Every line below is to be set down again exactly; any image stays out.

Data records
=== Section Start ===

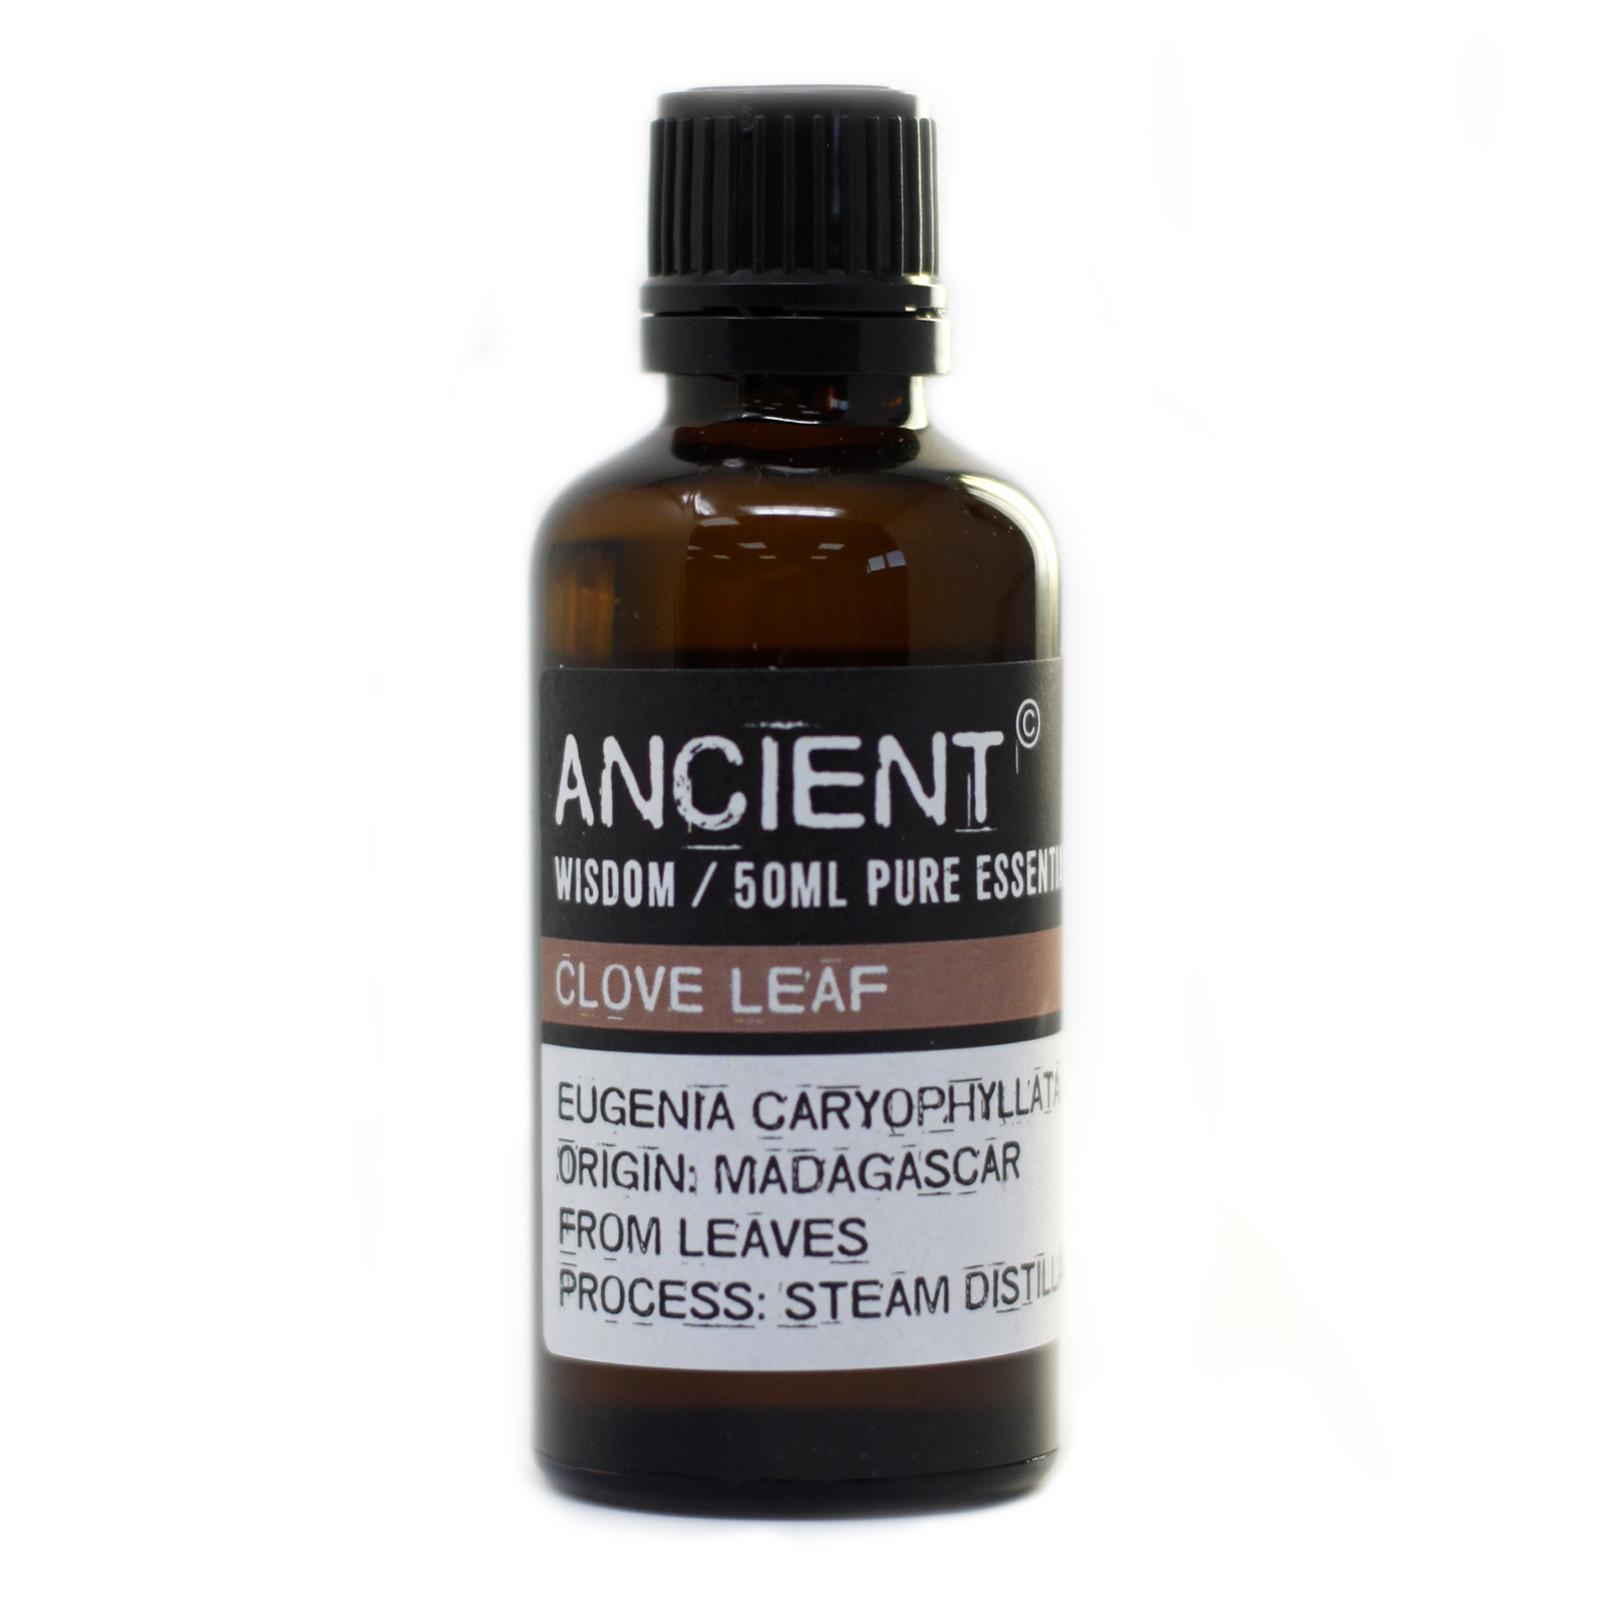 Clove Leaf 50ml
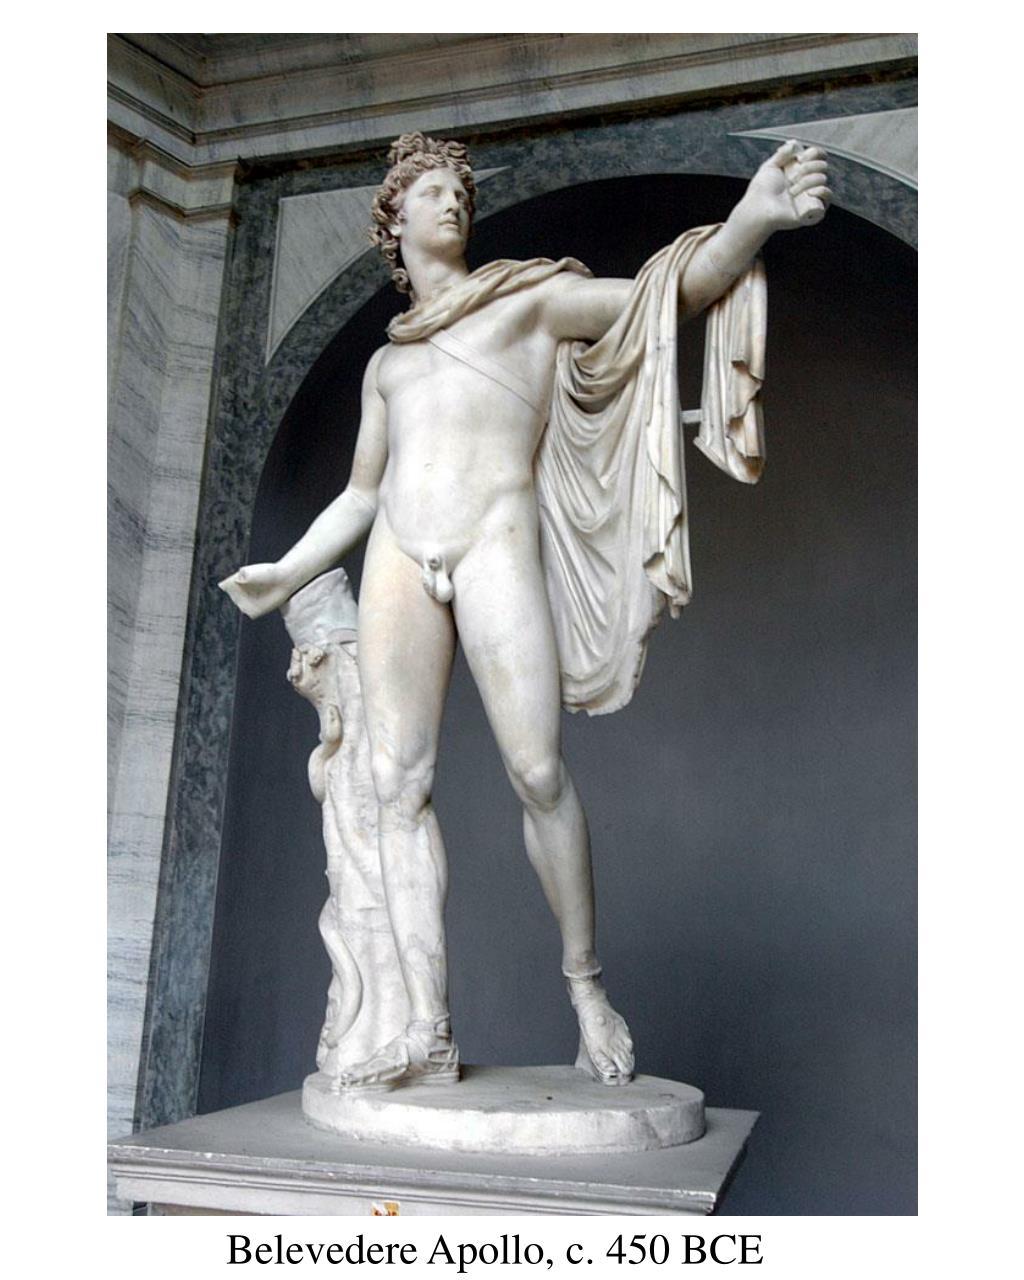 Belevedere Apollo, c. 450 BCE
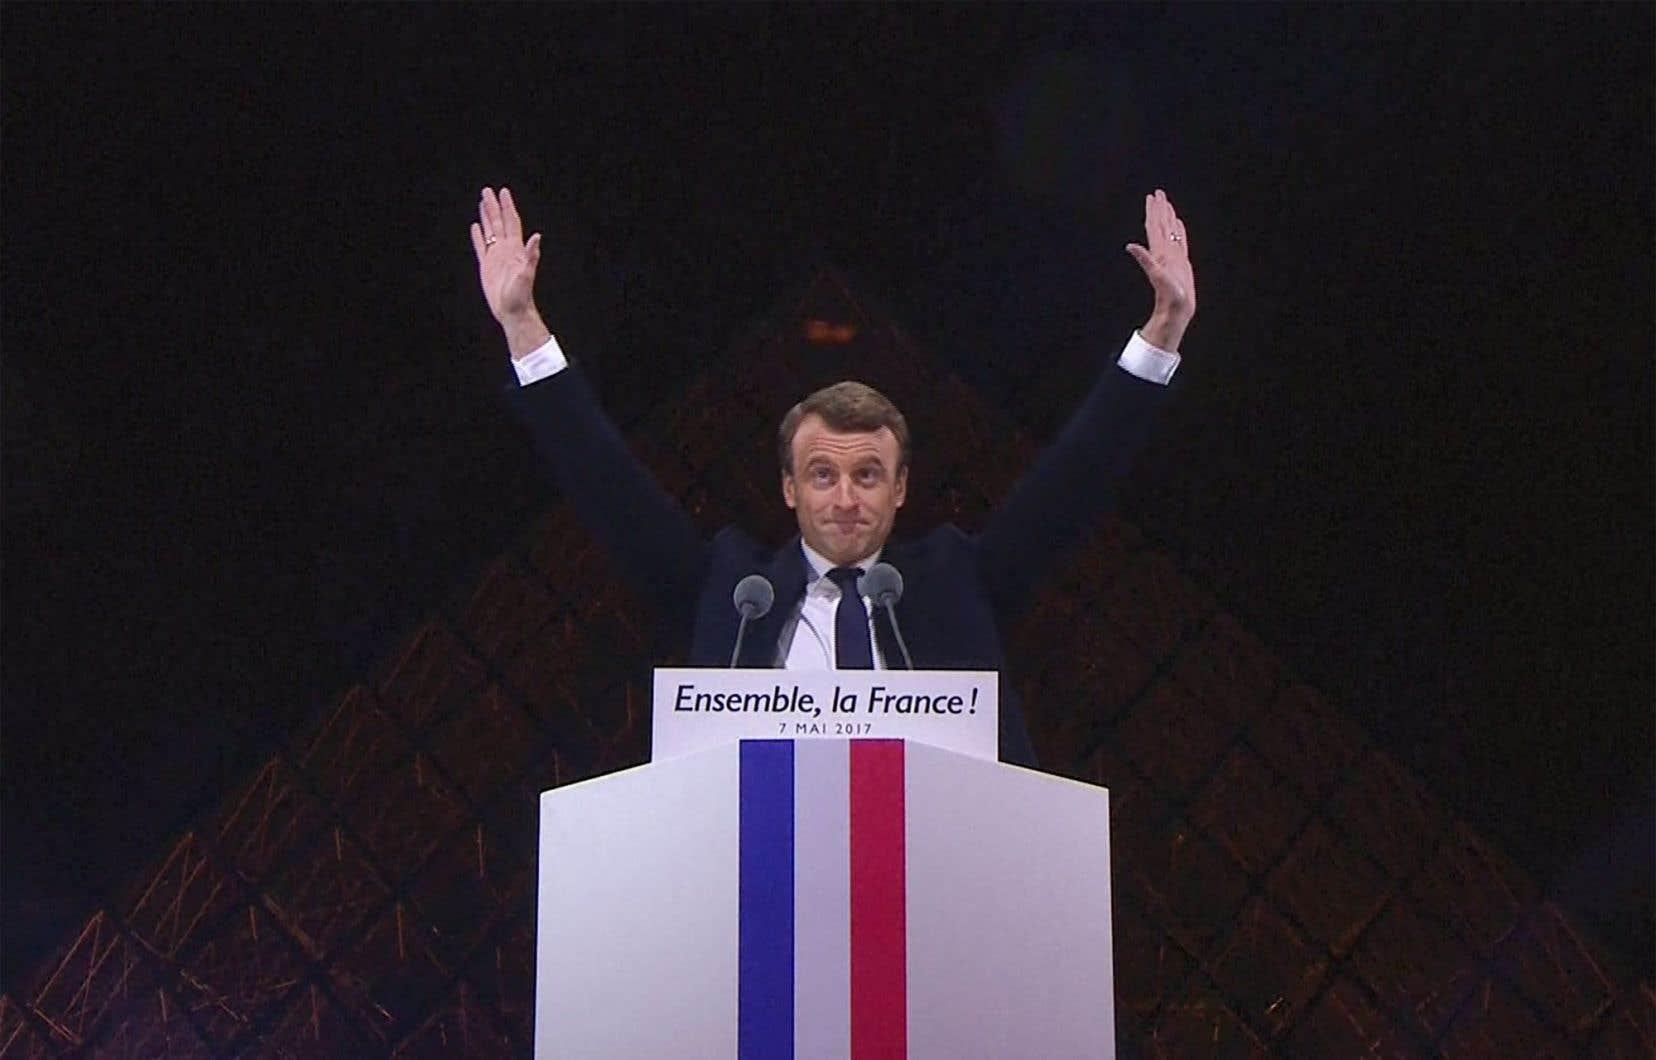 Le président élu Emmanuel Macron a prononcé un discours devant la pyramide au musée du Louvre, à Paris.
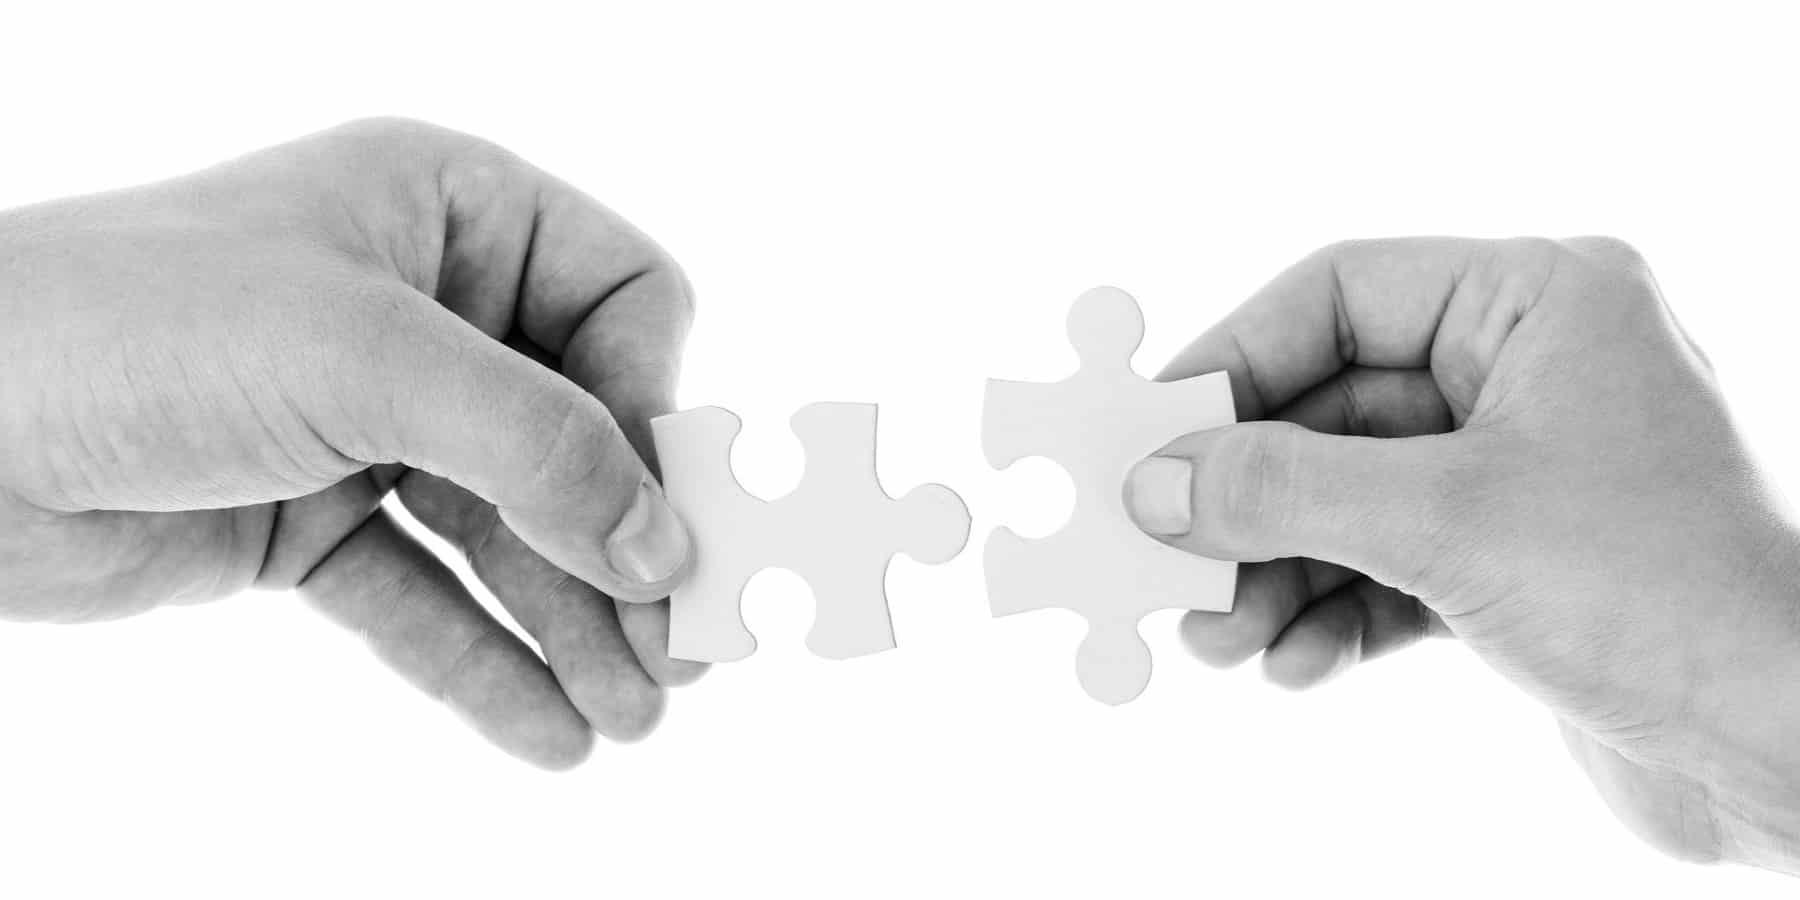 Kundenorientierung Leben Wachstum - Beziehungen
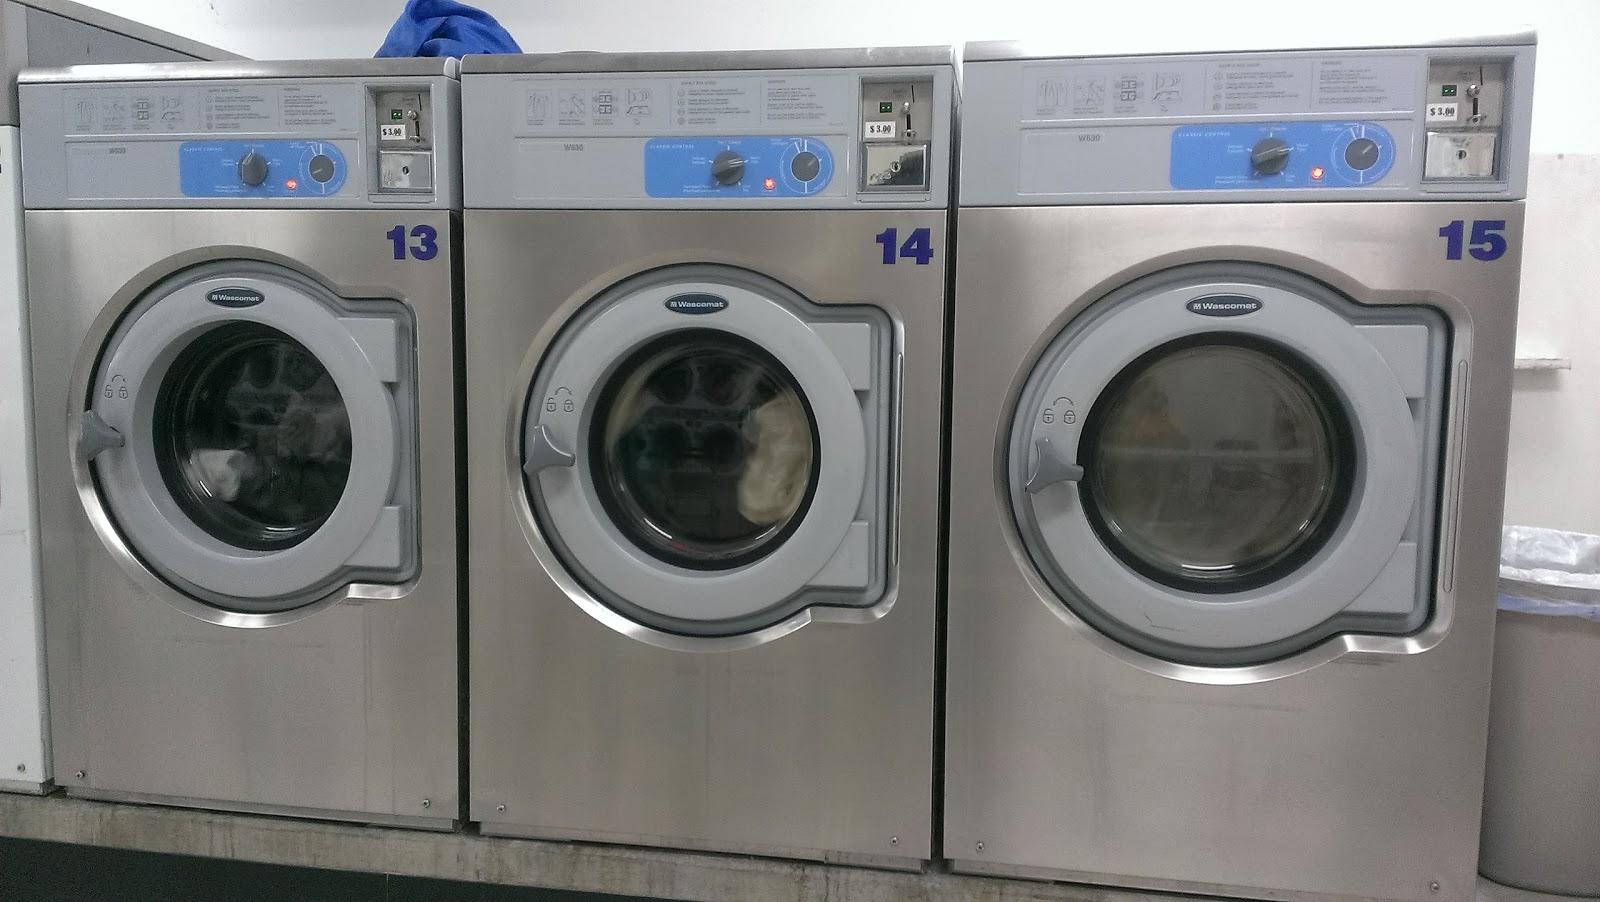 Фирмы стиральных машин - у какой лучшие стиральные агрегаты

=== Section End ===

> _ANSWER FOR THE TASK_
 Clove Leaf 50ml
 Belevedere Apollo, c. 450 BCE
 Le président élu Emmanuel Macron a prononcé un discours devant la pyramide au musée du Louvre, à Paris.
 Kundenorientierung Leben Wachstum - Beziehungen
 Фирмы стиральных машин - у какой лучшие стиральные агрегаты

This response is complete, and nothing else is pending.